▶ **AIM OF THE EXERCISE**
When you reach the line that contains "a close up of a blue, orange and white fur" in the data below, start reproducing lines exactly, and stop after the line that contains "8. Wiring diagram".

[Data excerpts]
┄┄┄┄┄┄

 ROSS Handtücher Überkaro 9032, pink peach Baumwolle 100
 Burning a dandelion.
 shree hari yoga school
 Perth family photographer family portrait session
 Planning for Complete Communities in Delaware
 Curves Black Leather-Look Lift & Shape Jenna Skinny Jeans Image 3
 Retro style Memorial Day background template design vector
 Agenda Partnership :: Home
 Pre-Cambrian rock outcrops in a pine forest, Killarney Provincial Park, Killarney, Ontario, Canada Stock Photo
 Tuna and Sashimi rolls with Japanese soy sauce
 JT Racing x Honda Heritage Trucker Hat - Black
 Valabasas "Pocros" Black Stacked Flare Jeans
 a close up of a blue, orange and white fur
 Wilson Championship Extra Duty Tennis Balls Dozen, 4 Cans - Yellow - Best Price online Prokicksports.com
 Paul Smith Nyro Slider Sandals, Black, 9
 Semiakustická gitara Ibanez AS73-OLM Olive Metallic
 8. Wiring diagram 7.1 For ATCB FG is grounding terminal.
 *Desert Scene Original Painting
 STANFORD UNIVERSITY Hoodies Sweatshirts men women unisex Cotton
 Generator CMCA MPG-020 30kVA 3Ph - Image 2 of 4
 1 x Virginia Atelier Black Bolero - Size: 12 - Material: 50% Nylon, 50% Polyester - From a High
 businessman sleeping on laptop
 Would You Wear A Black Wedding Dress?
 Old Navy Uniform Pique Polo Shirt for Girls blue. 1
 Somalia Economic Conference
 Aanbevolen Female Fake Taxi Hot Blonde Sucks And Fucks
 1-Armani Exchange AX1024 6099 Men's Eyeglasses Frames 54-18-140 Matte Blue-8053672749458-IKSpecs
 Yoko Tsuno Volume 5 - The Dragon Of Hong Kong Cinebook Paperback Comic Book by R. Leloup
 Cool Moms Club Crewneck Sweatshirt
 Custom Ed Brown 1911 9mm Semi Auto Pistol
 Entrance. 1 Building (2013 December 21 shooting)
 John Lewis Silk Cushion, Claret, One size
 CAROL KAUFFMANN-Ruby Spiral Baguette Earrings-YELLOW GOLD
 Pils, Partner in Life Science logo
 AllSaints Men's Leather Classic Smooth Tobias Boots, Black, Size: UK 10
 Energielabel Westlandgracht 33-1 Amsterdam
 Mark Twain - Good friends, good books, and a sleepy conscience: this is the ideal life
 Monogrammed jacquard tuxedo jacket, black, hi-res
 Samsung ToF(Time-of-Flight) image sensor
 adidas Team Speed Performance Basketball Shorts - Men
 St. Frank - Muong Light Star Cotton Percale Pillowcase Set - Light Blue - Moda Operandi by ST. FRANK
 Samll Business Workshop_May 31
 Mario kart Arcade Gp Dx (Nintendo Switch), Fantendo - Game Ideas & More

┄┄┄┄┄┄

▶ **YOUR SOLUTION**
 a close up of a blue, orange and white fur
 Wilson Championship Extra Duty Tennis Balls Dozen, 4 Cans - Yellow - Best Price online Prokicksports.com
 Paul Smith Nyro Slider Sandals, Black, 9
 Semiakustická gitara Ibanez AS73-OLM Olive Metallic
 8. Wiring diagram 7.1 For ATCB FG is grounding terminal.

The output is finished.